Former South Korean Party Leader Suggests Military Service Requirement for Women in Public Service Roles

SEOUL — In a move that has sparked widespread discussion, the former leader of South Korea’s ruling party, Lee Jun-seok, proposed on Monday that women should complete mandatory military service if they wish to apply for positions as police officers or firefighters. Lee, who now heads the Reformative Conservative Party, introduced this idea as part of his campaign for the upcoming general elections in April, targeting to address both gender equity in public service and the projected decrease in military manpower due to the country's declining birth rate.

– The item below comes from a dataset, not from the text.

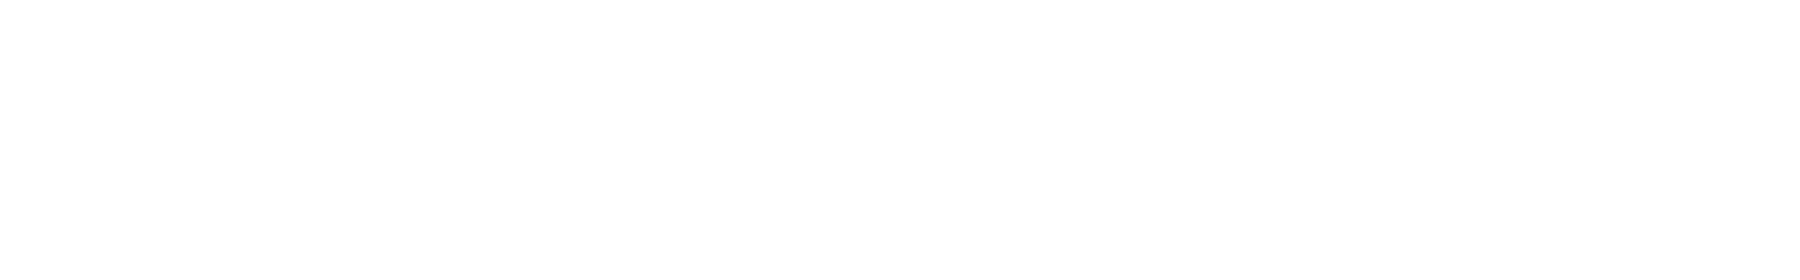 str fx b 07 xs

According to Yonhap News Agency, the proposal aims to make military service mandatory for all individuals aspiring to become public servants in the police, maritime police, firefighting, and correctional services, regardless of gender. He acknowledged that there would be exceptions for those unable to serve. This policy suggestion comes amidst concerns over South Korea's shrinking military personnel numbers, prompting the defense ministry to relax mandatory service requirements to include individuals previously considered ineligible, such as overweight men and potentially transgender women who have not undergone hormone therapy for more than six months. Lee's proposal is estimated to increase military manpower by 10,000 to 20,000 annually and is being considered for gradual expansion to other sectors. In South Korea, military service is currently compulsory for all able-bodied men, while women have the option to volunteer for military roles.